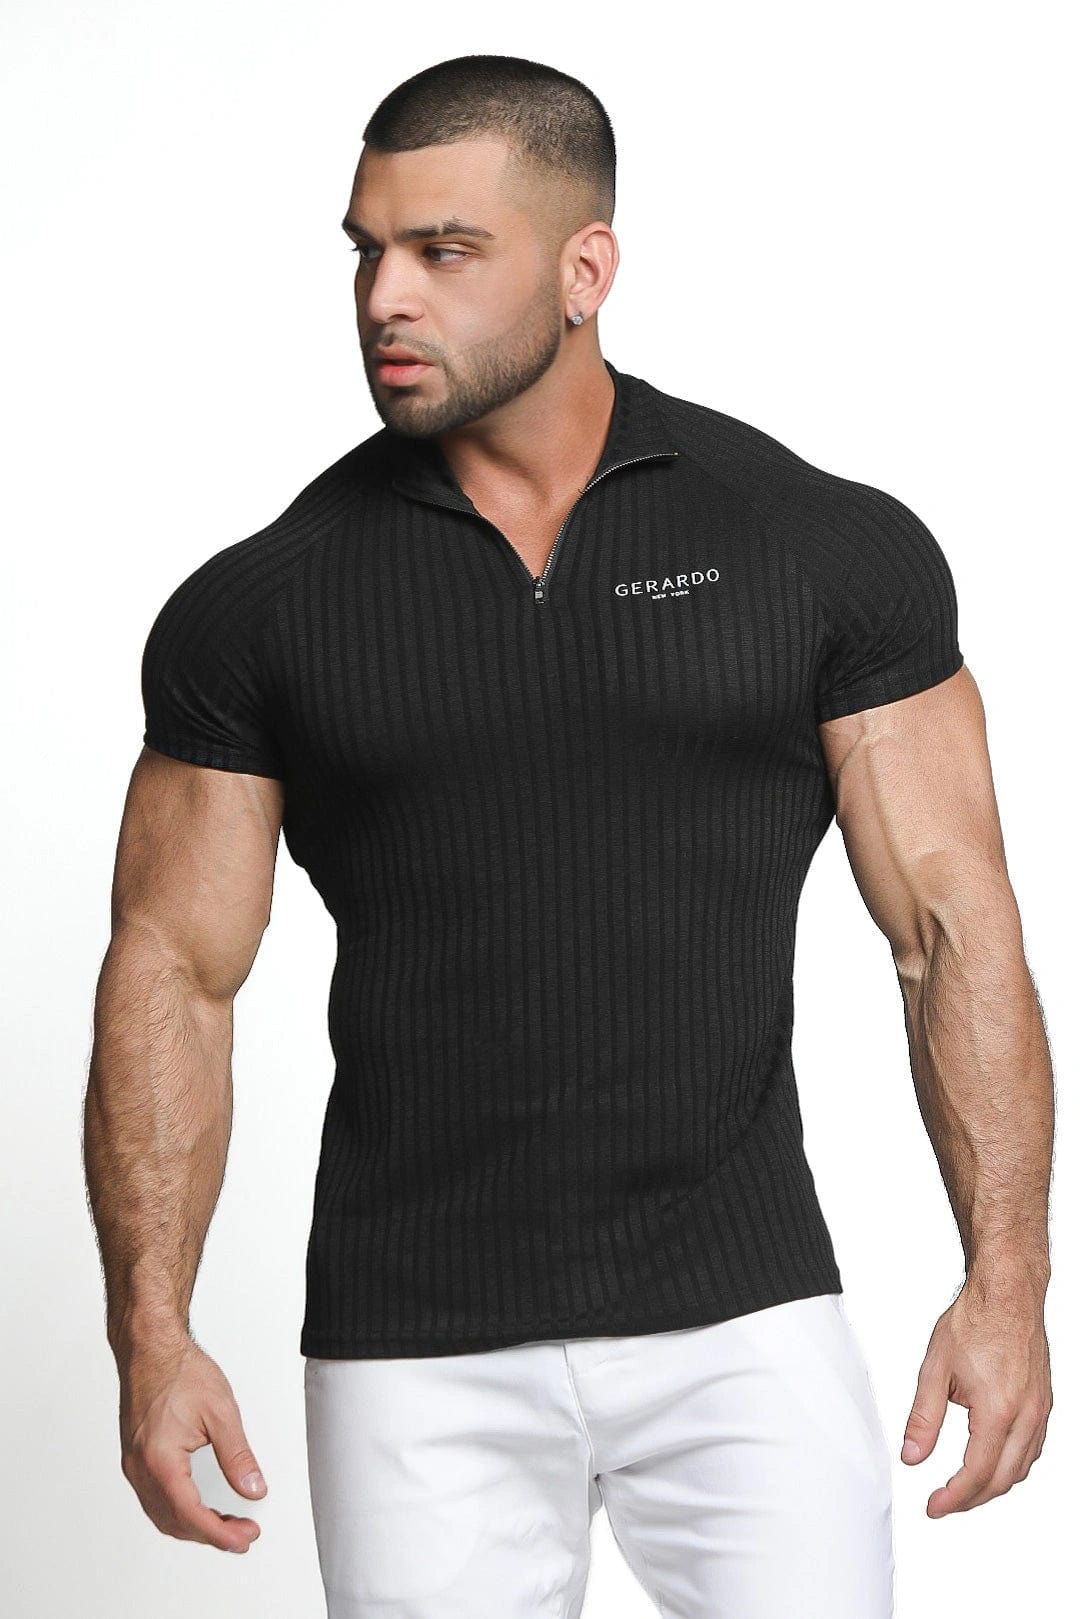 Mens Athletic Fit Polo Shirt - Gerardo Collection
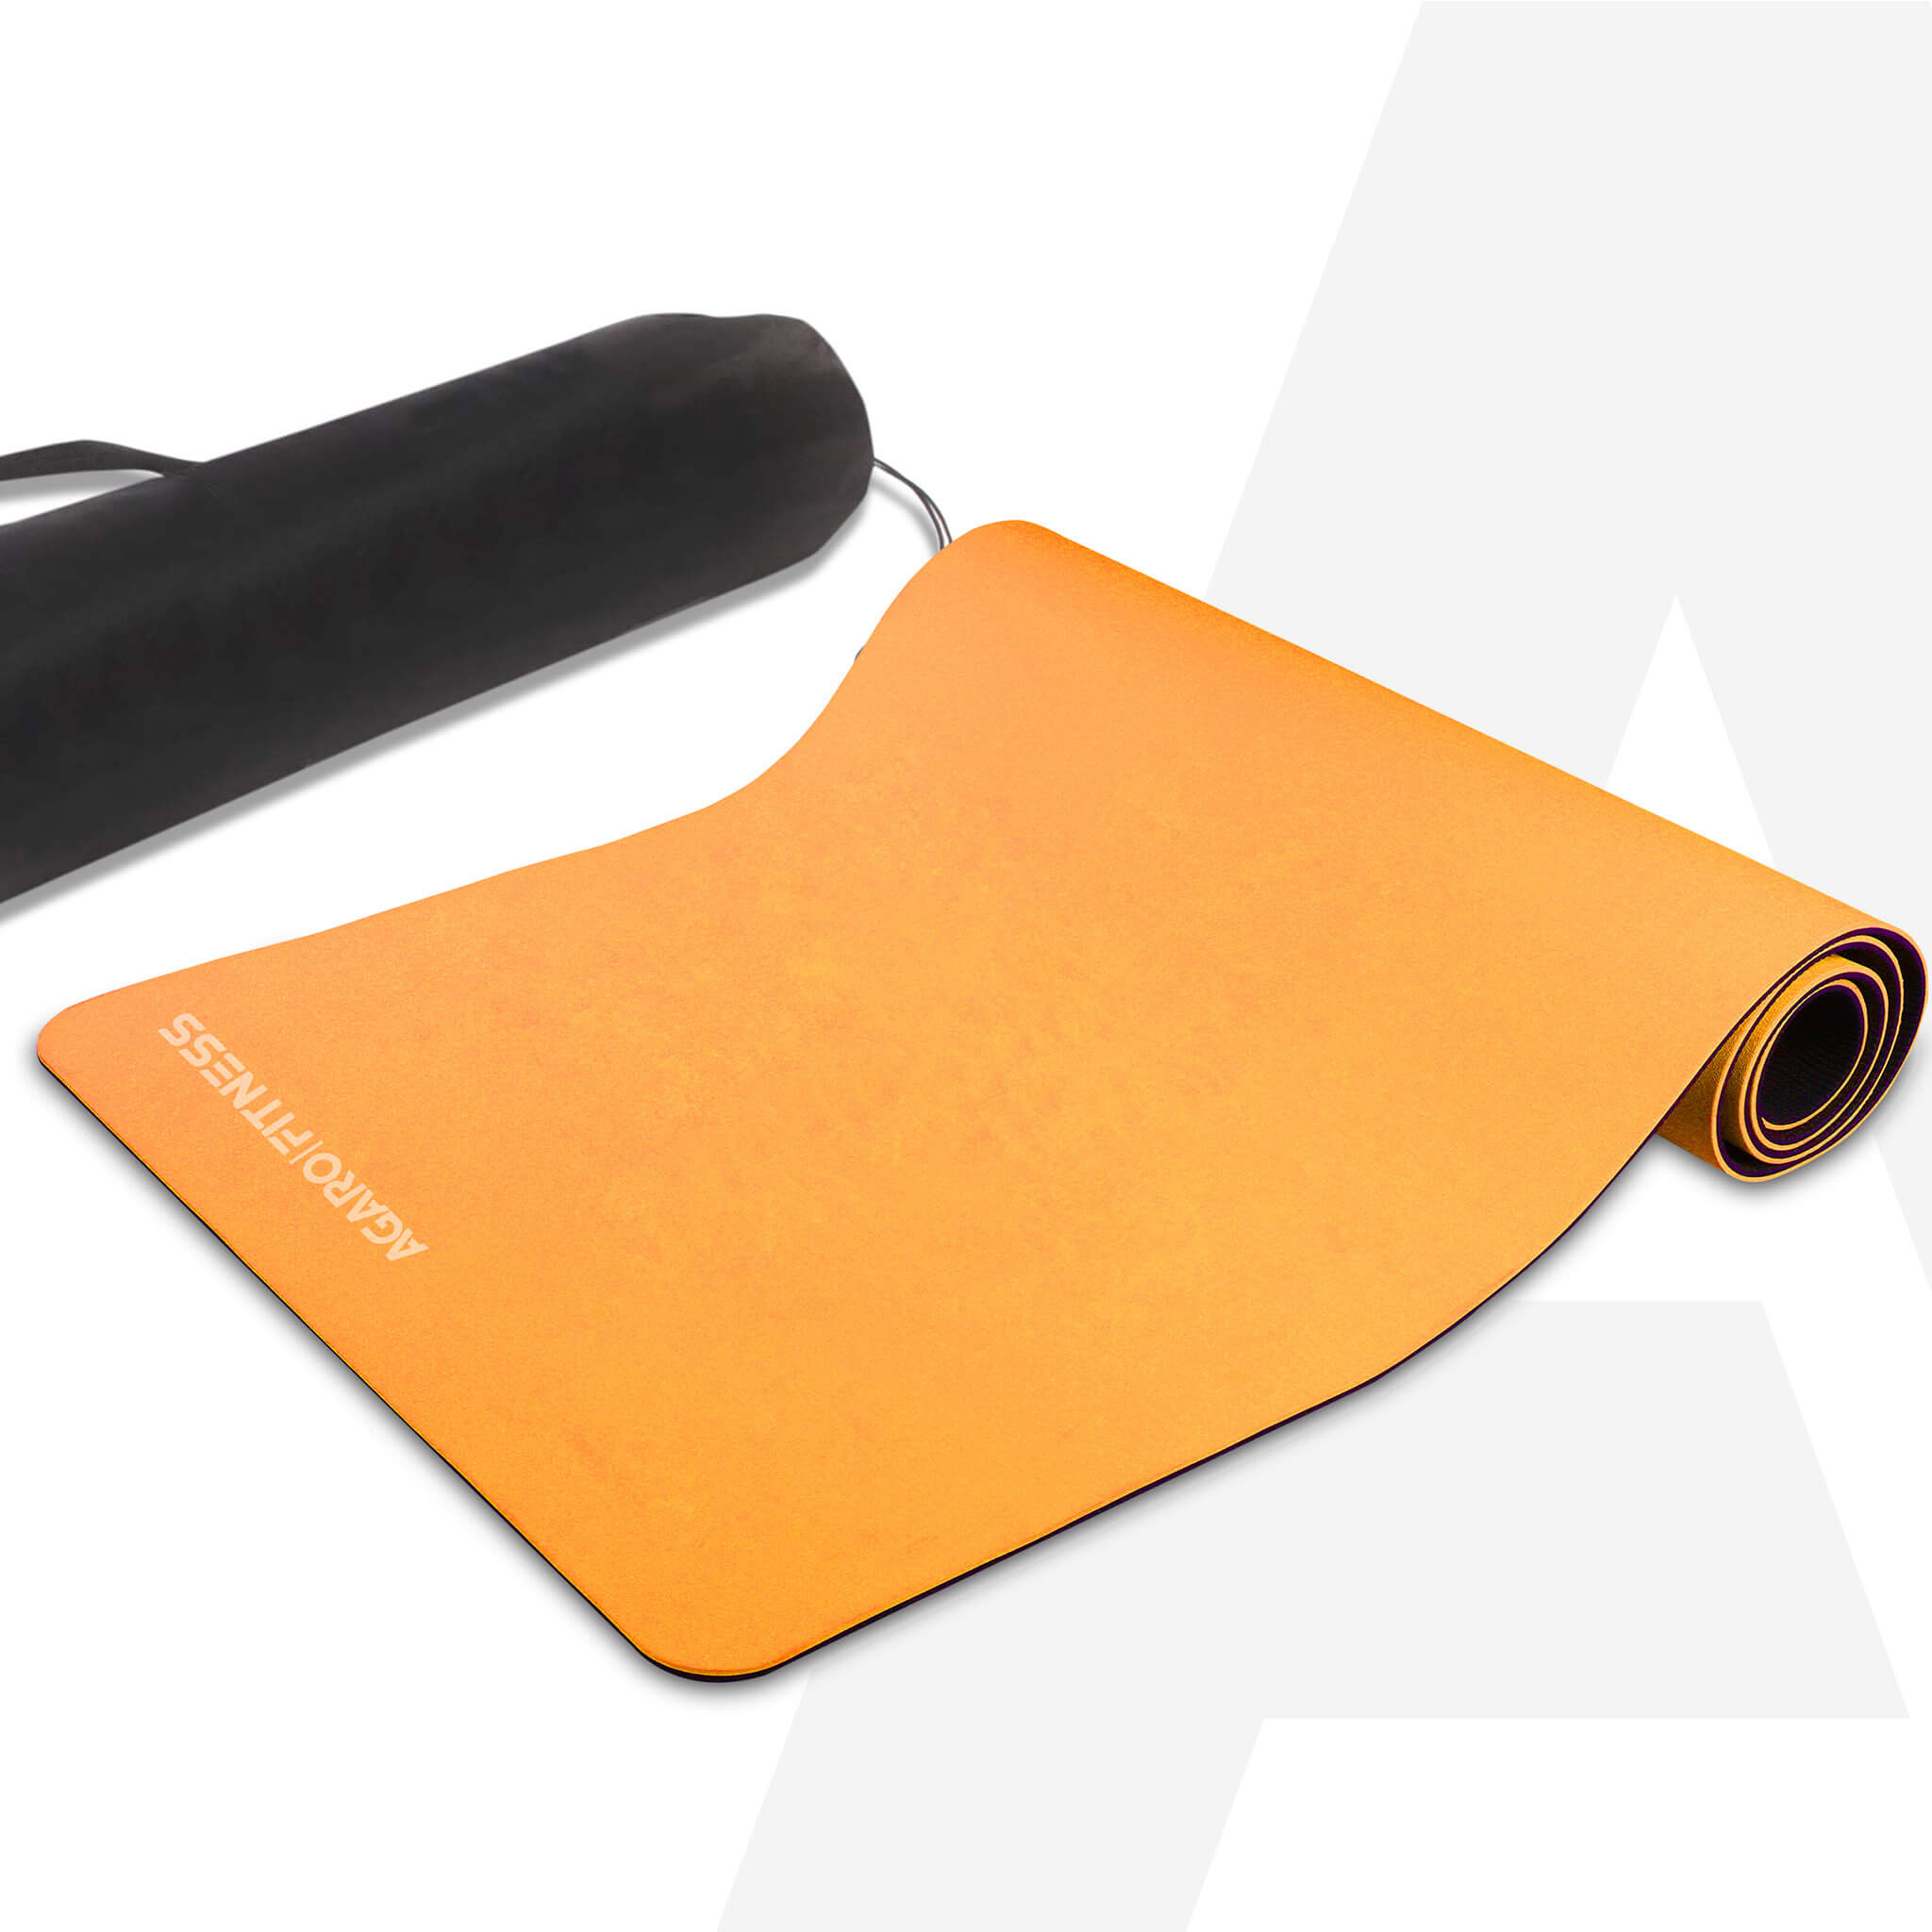 Gaiam Essentials Thick Yoga Mat Fitness & Exercise Mat with Easy-Cinch Yoga  Mat Carrier Strap, Orange, 72 InchL x 24 InchW x 2/5 Inch Thick 
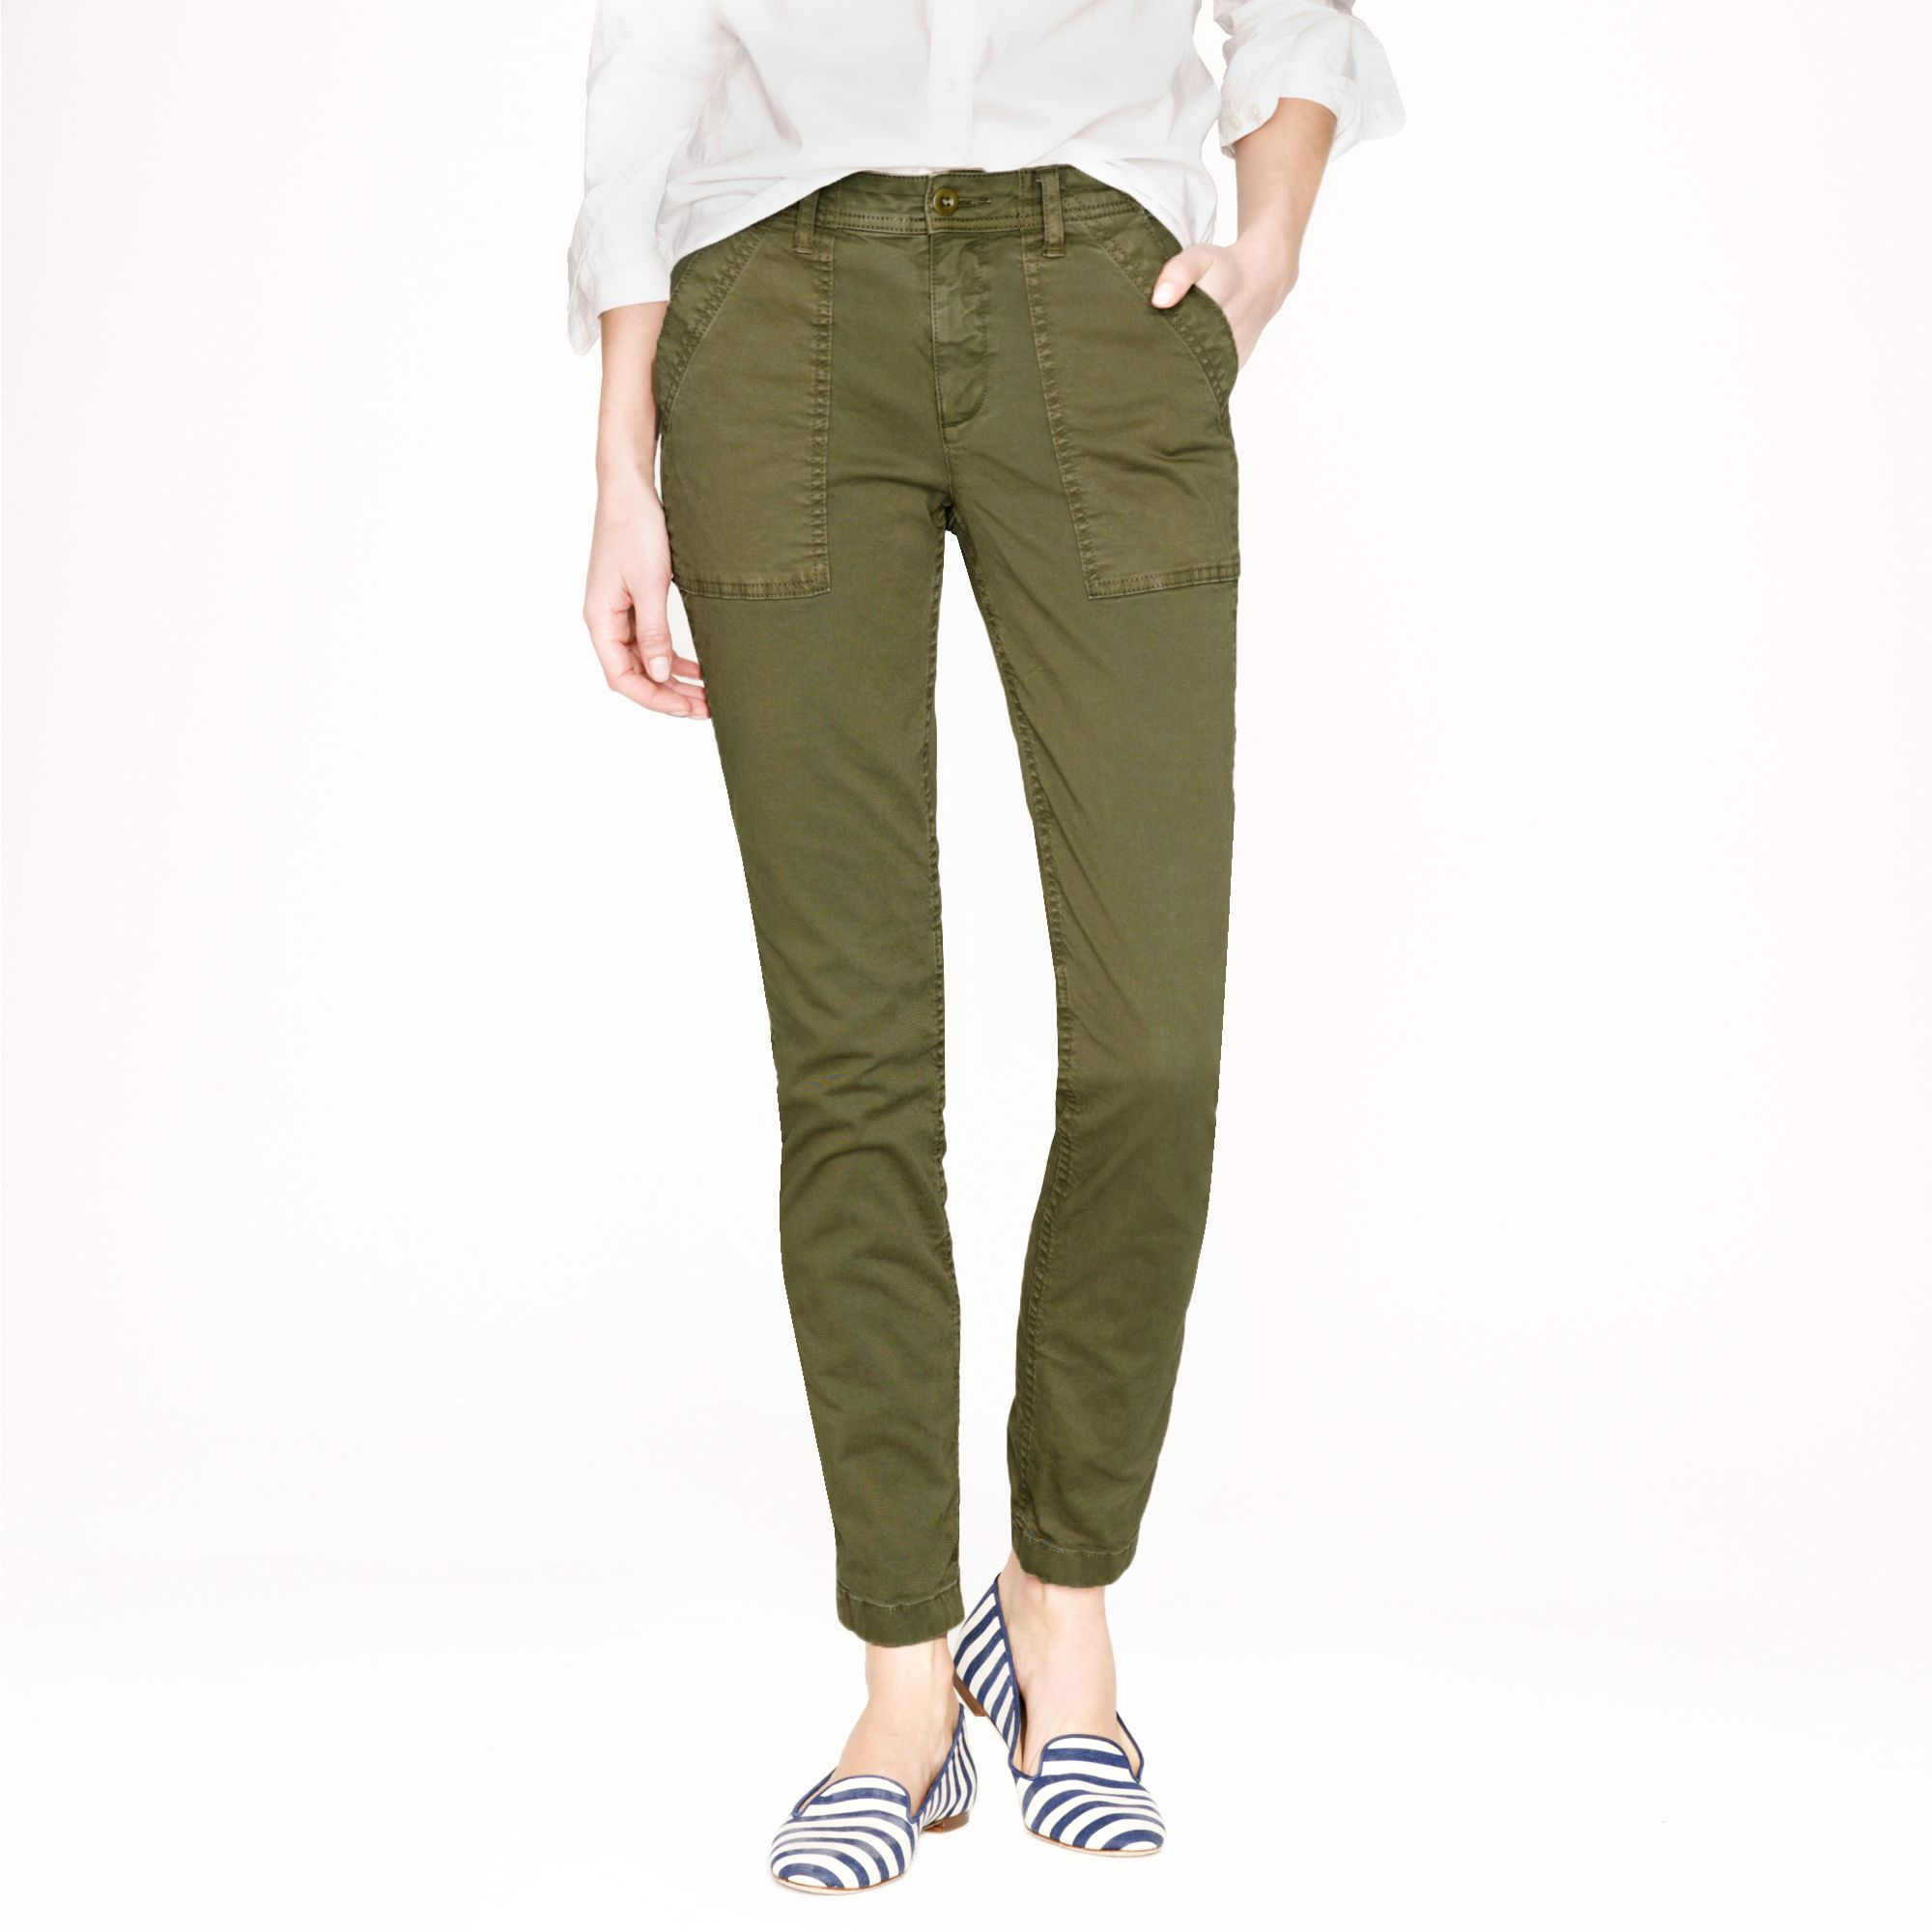 Lyst - J.Crew Skinny Washed Twill Utility Pant in Green

__Task brief__:
Make an exact copy of the data, leaving its pictures out.

__Result of the exercise__:
 Mens Athletic Fit Polo Shirt - Gerardo Collection
 Gaiam Essentials Thick Yoga Mat Fitness & Exercise Mat with Easy-Cinch Yoga  Mat Carrier Strap, Orange, 72 InchL x 24 InchW x 2/5 Inch Thick 
 Lyst - J.Crew Skinny Washed Twill Utility Pant in Green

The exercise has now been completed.